**REQUIRED ACTION**
Once the line holding "Projekt budowlany domu" is found in the entries below, transcribe exactly every line up to and including the one holding "Рисунок царственной церкви", but leave out the pictures.
+++ INPUT FOR THIS TASK
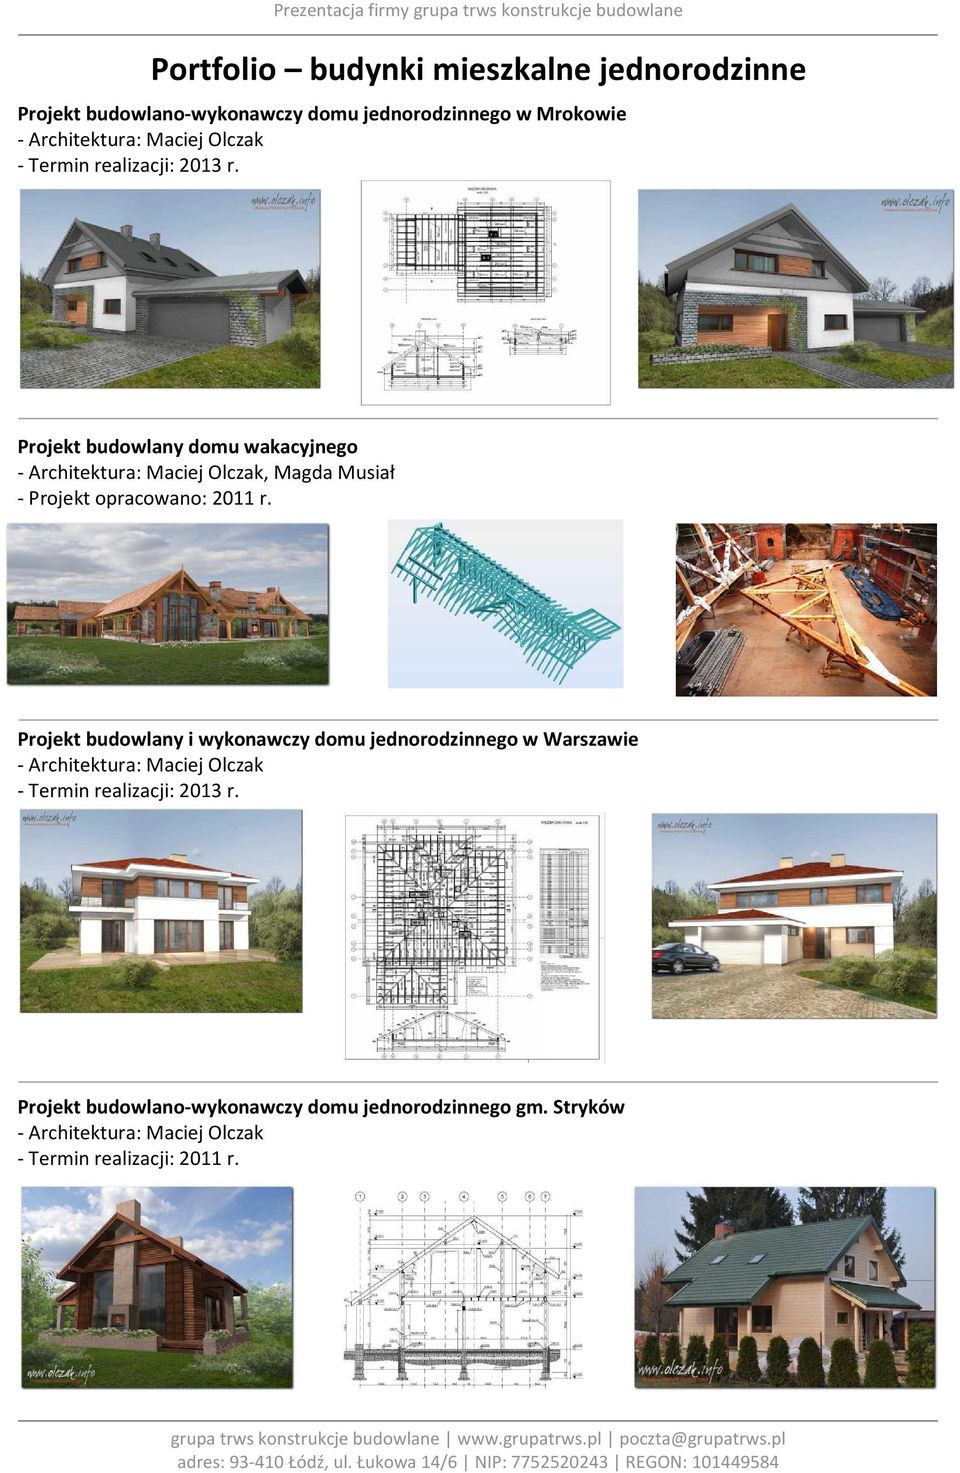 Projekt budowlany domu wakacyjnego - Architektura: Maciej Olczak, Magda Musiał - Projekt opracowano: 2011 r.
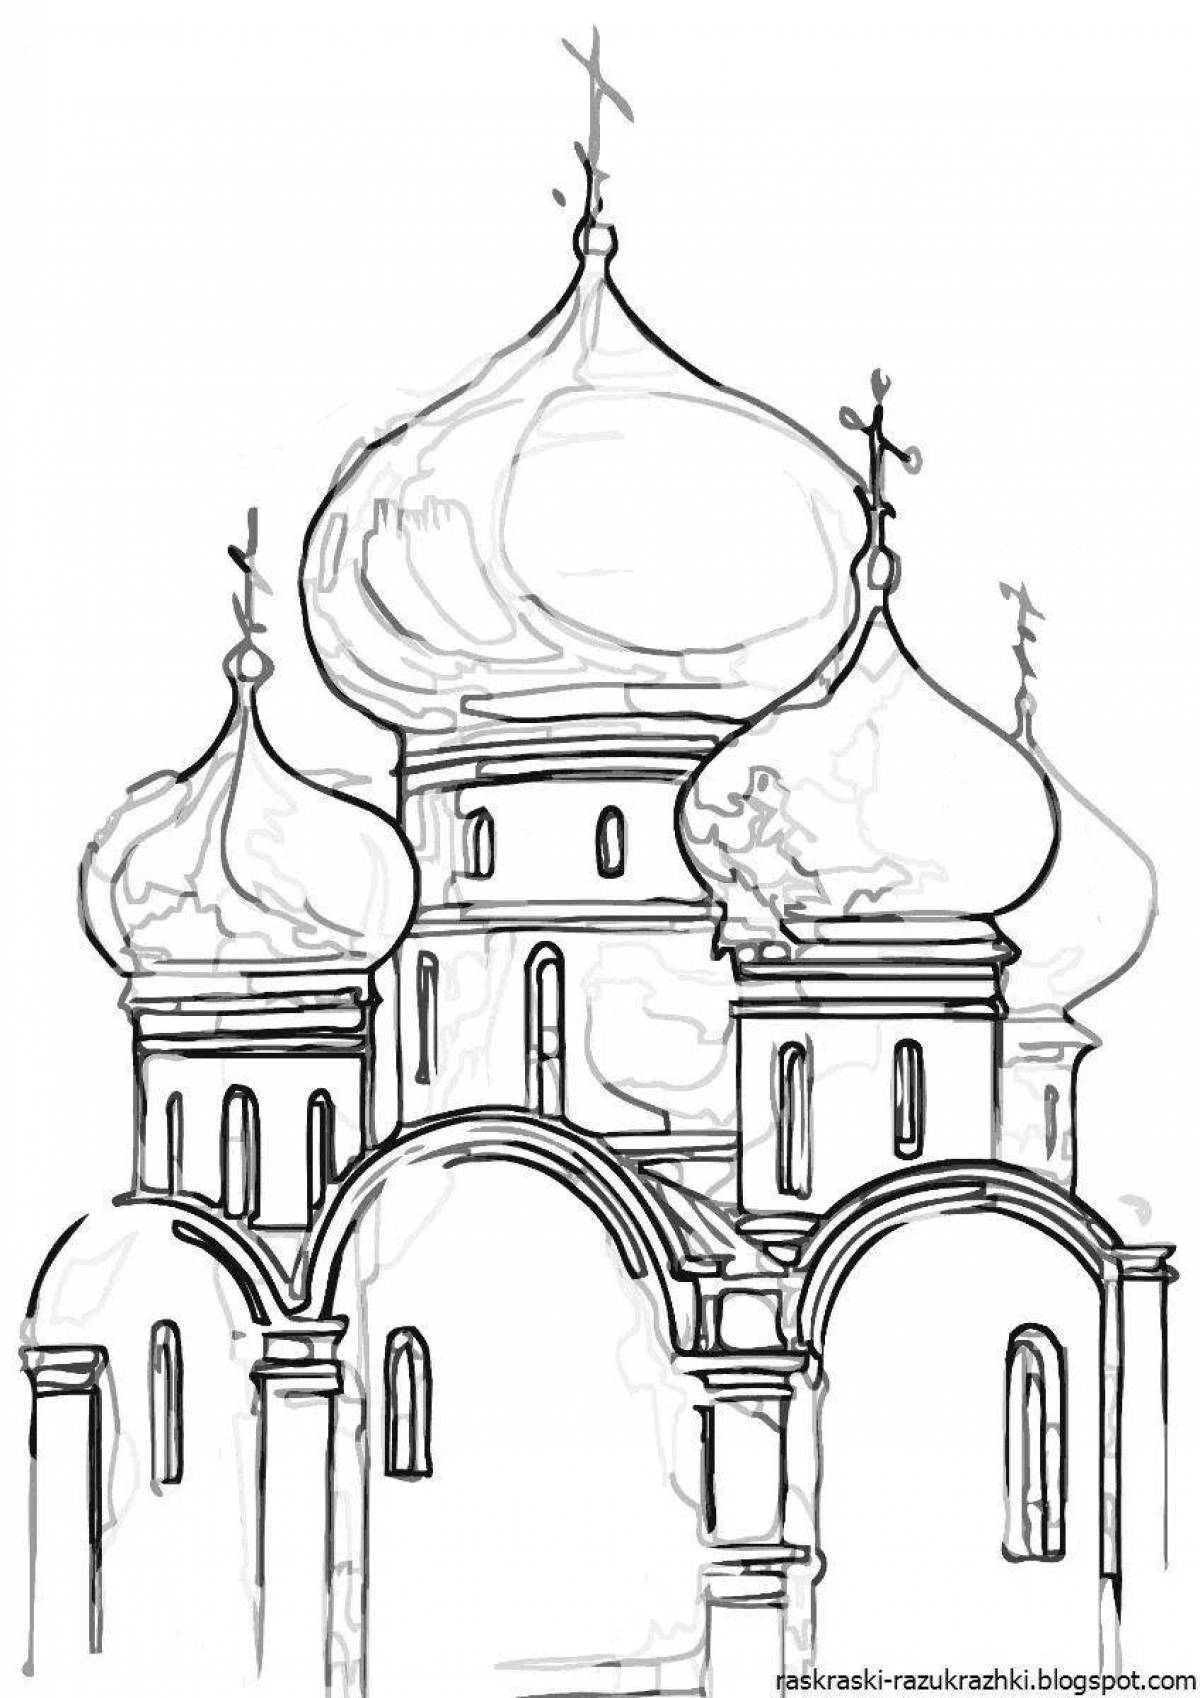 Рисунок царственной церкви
++++++
+++ INPUT FOR THIS TASK
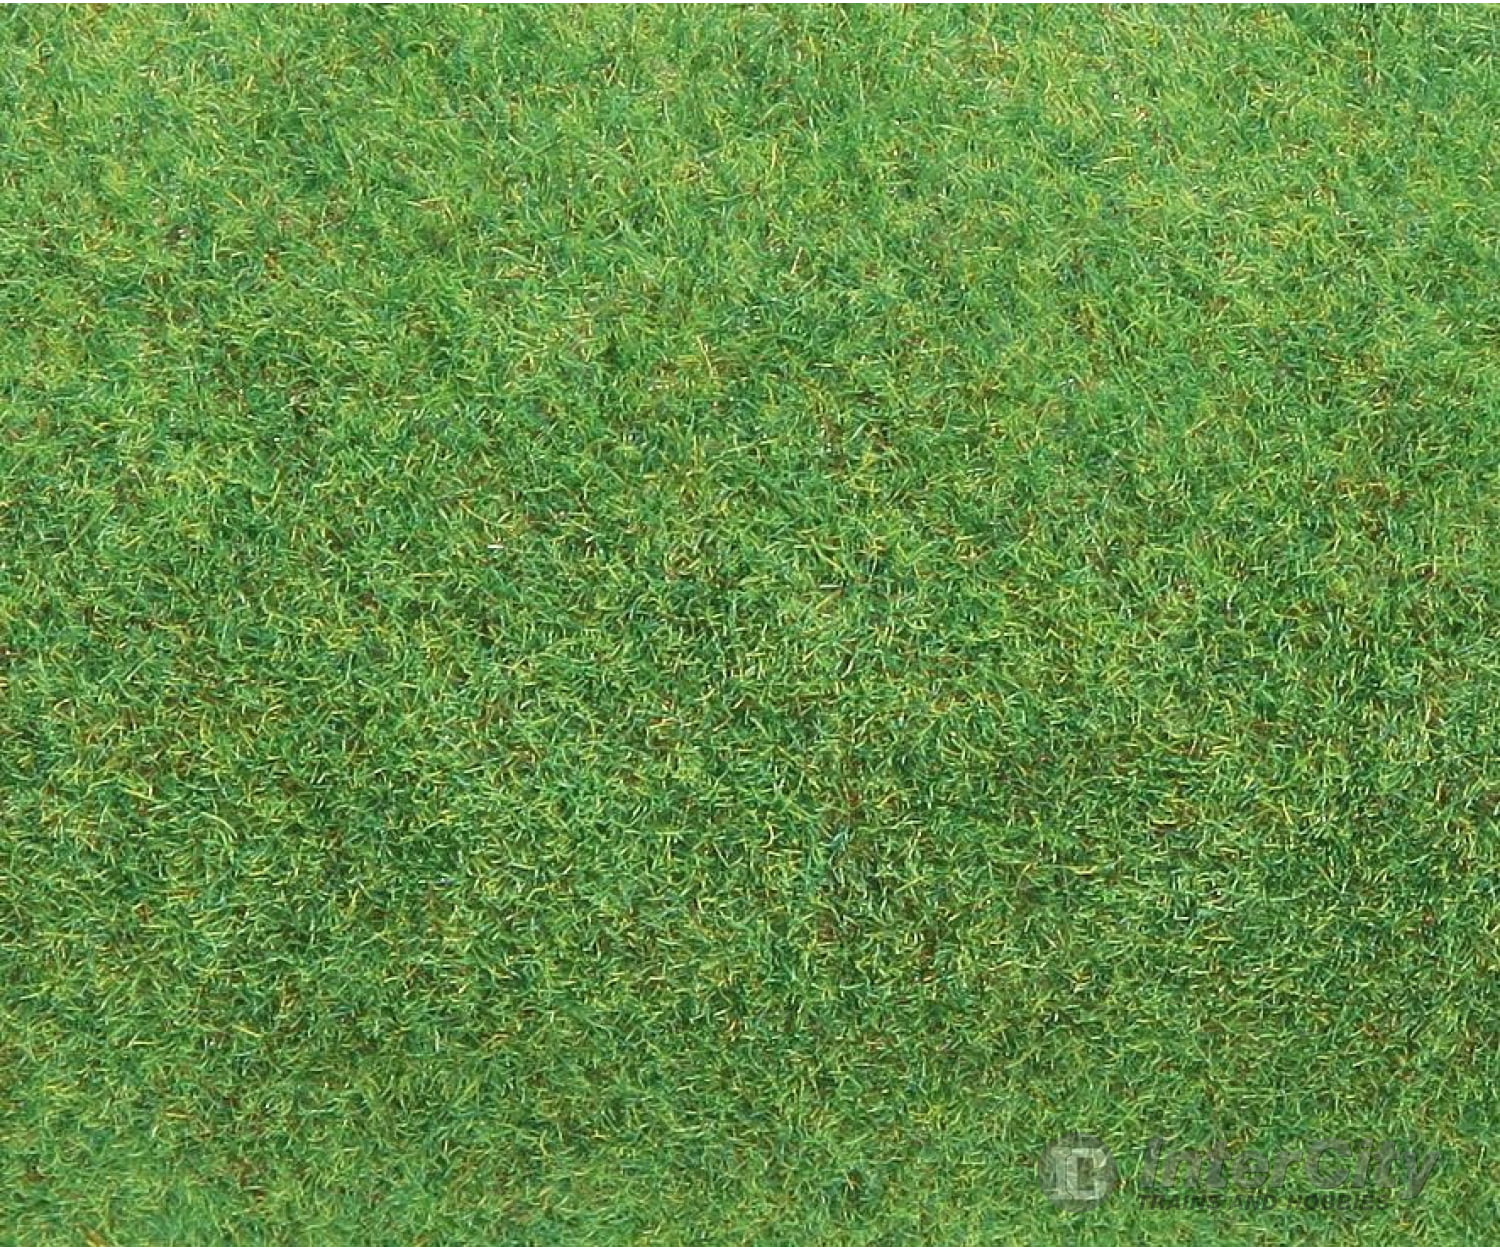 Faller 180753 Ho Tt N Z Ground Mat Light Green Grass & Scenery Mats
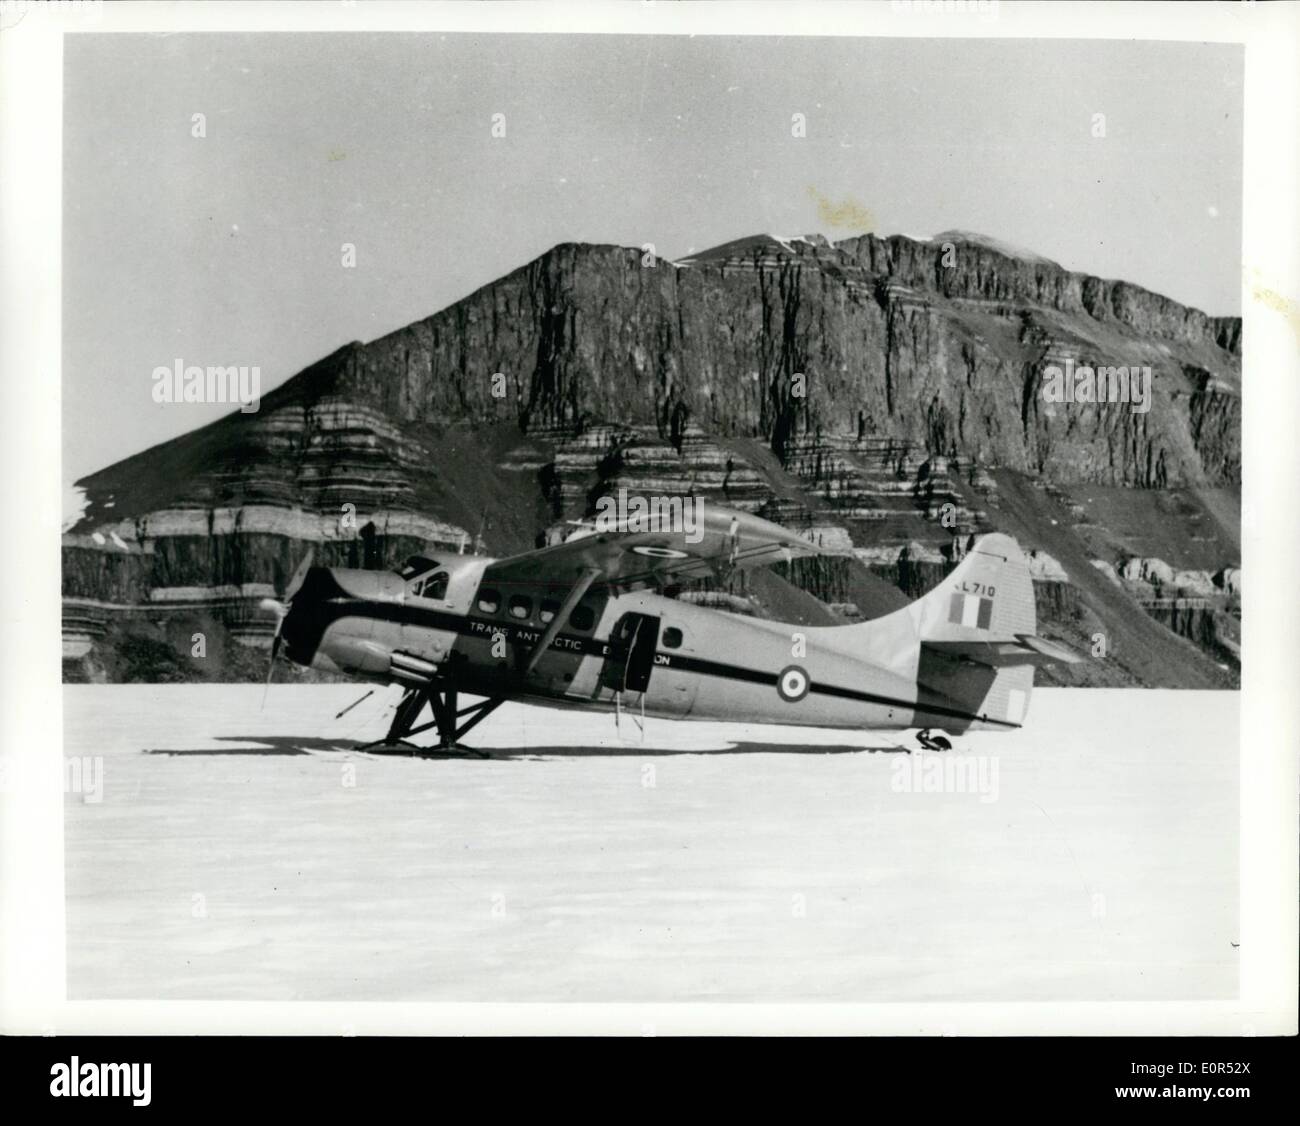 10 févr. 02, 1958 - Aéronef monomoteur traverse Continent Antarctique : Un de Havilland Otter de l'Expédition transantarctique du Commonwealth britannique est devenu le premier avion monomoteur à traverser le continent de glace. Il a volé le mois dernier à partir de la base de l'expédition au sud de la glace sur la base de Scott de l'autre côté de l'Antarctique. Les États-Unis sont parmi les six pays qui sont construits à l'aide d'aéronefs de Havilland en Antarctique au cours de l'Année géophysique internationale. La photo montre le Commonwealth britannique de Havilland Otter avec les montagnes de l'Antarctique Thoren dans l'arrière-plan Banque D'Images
++++++
+++ INPUT FOR THIS TASK
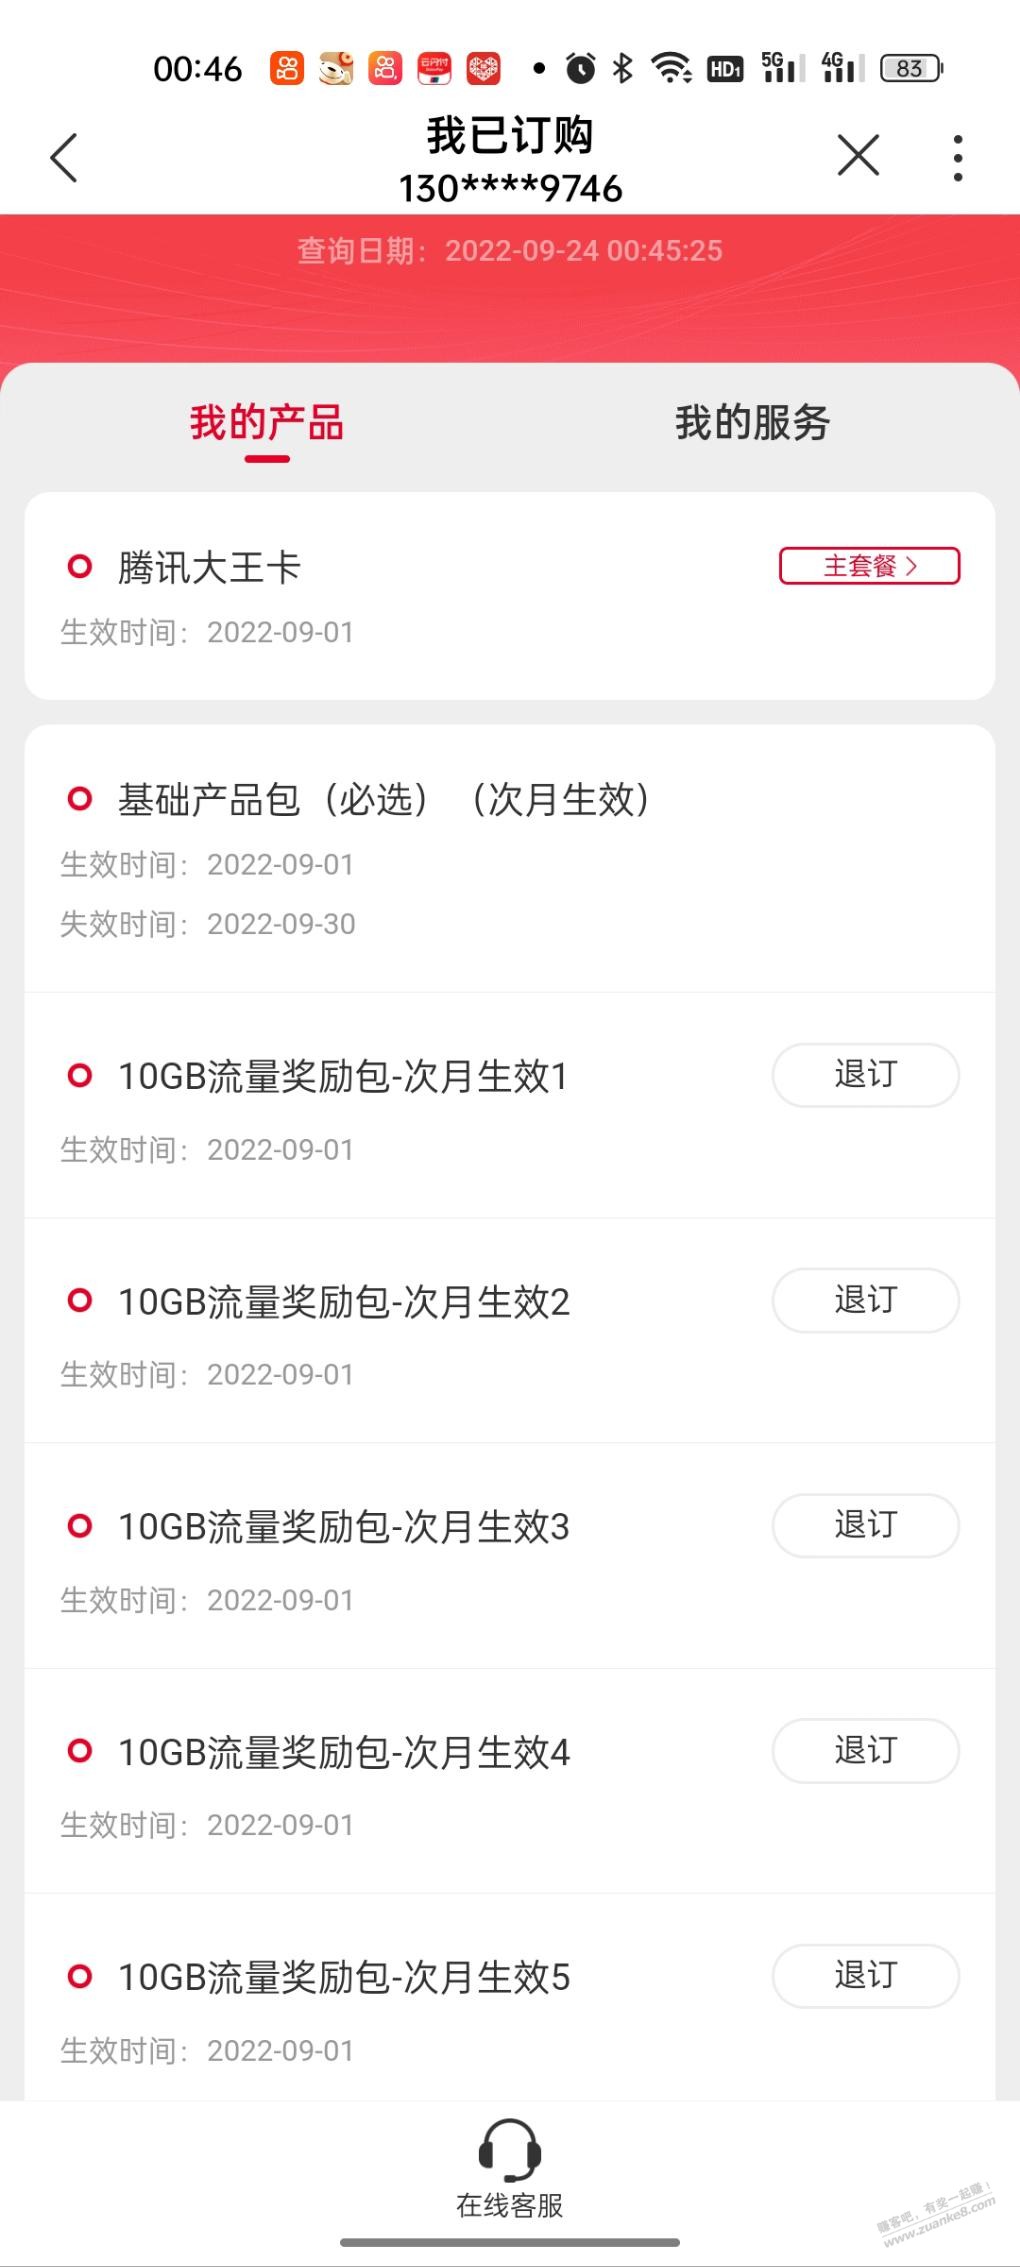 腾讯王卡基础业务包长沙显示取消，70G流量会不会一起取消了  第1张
++++++
**TASK SOLUTION**
 Projekt budowlany domu wakacyjnego - Architektura: Maciej Olczak, Magda Musiał - Projekt opracowano: 2011 r.
 Рисунок царственной церкви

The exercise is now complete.